I watched and wondered for years what made this algorithm work. Observation proves that without constant surveillance it consistently comes out the same.
Schedule and Budget win out over Quality.
Quality is hard to define, protect, and keep. It’s high touch, high concept, by it’s very nature qualitative and subject to discussion. Schedule and budget are right there, out loud, down on paper easy for everyone to measure and see.
In a business endeavor, every member of a team knows exactly how late, how much over budget some effort might be, but few can agree how much it has slipped on quality.
If we’re talking about products, it’s hard enough judge the quality gap — that’s the job of the product team.
But suppose we’re talking about quality leadership, quality thinking, quality communication, quality relationships, or living out a quality social media strategy?
How Do You Keep the Noise of Time and Money from Killing Quality?
Quality leadership does the quality thinking that forms the quality decisions. It’s quality communication that builds long-term quality relationships. That kind of quality is at the foundation of any team endeavor that succeeds. It’s also the at the core of any quality social media strategy.
Whether we’re talking to employees, customers, or volunteers, it’s important that we telegraph with every nuance of our brand that quality will always be the signal above the noise of time and money. Because quality is about them.
How do we build an outstanding bias toward quality into the fabric of our organization and our teams? Use the same steps we used to build a brand-values baseline and if you can, invite help from that same core team.
- Start with the heroes and champions from the core team. Whenever change is the goal, look for the folks most predisposition to embrace the change and invite them first.
- Put the problem before the change makers — about 12 people in three teams. When they have gathered first challenge the teams to define quality as a definition of thinking, leadership, communication, relationships, and process. Have them come to one definition for their team.

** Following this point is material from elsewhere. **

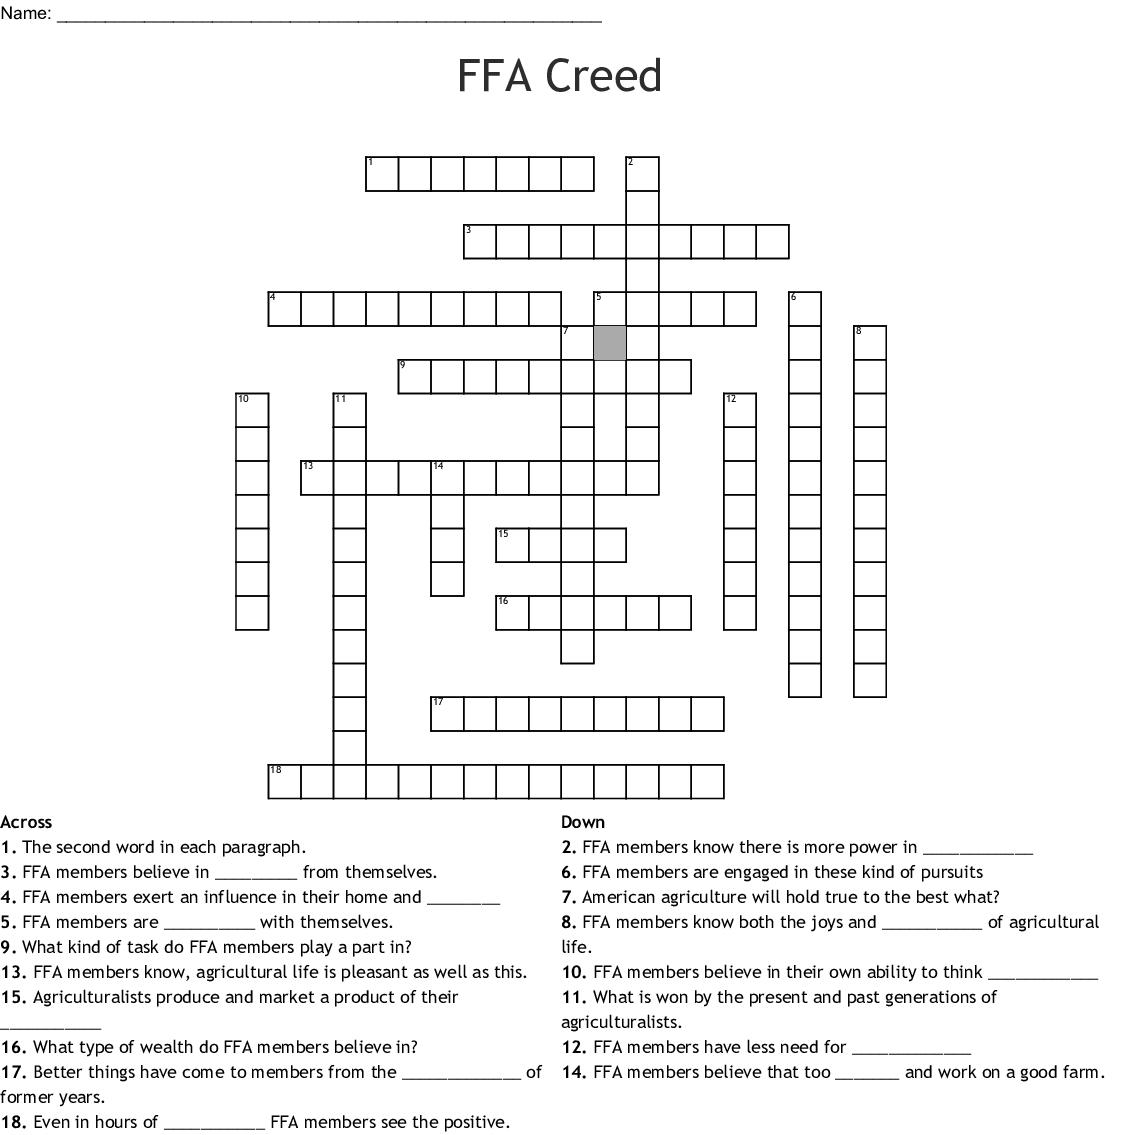 Ffa Creed Word Search

- Ask that core group of change makers how to tackle the problem Ask them how to bring quality to be the highest signal above the noise on their team.
- Listen and record their answers. Think of it as a list of possibilities, not necessarily a brainstorm, but more like an offer of possible tactics to try in their natural habitat.

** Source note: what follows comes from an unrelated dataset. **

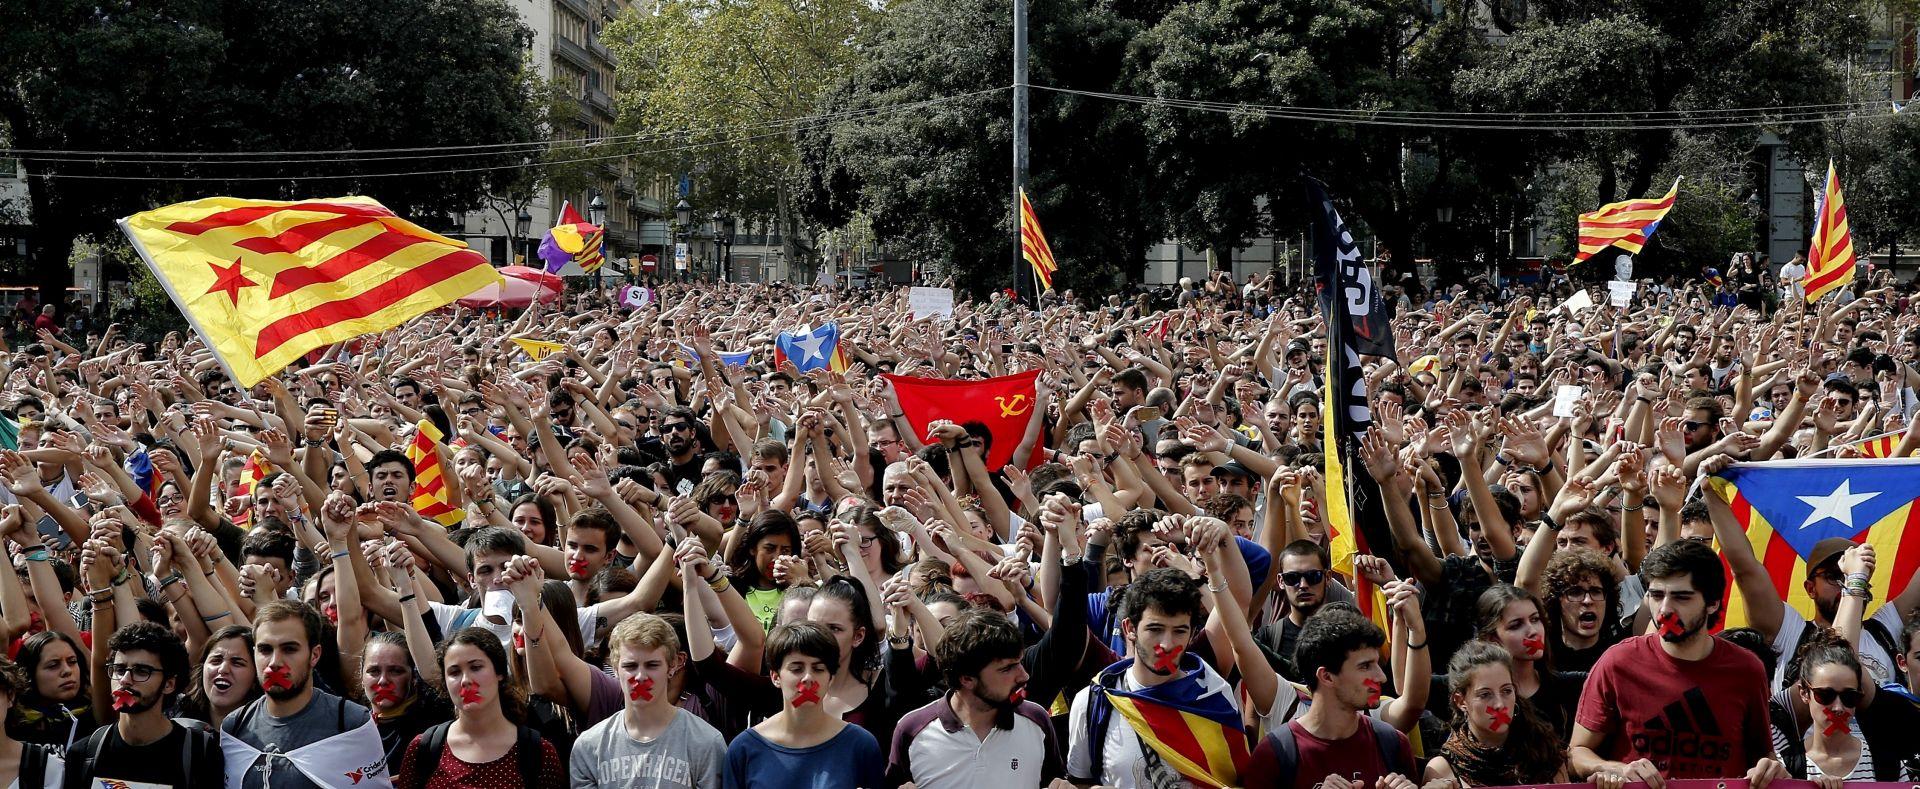 KATALONIJA Barcelona se sutra priključuje štrajku, zatvaraju se vrata kluba

- Review the list and ask the group to sort it. Choose three categories. Possible categories might be leadership-based ideas, communication-based ideas and process-based ideas.
- Ask each team to discuss one of the three lists they’ve made. Suggest that they discuss how well the idea might work over time with their coworkers, how it might need to be changed, and whether it needs outside input. Allow teams to add or remove ideas. Explain that they’re looking for one or more ideas that have merit — enough power and value that the team believes they could persuade others to put the idea into action.
- Invite the teams back to the group to present the ideas that they believe have merit. Challenge the teams to persuade the rest of the room to take on their call to action.
- Allow the listening teams to give their response and to offer their opinion on how easily they might be able to persuade others to join in to the proposed quality challenge. Work together to help reword and rework any that have value, but need a more powerful argument.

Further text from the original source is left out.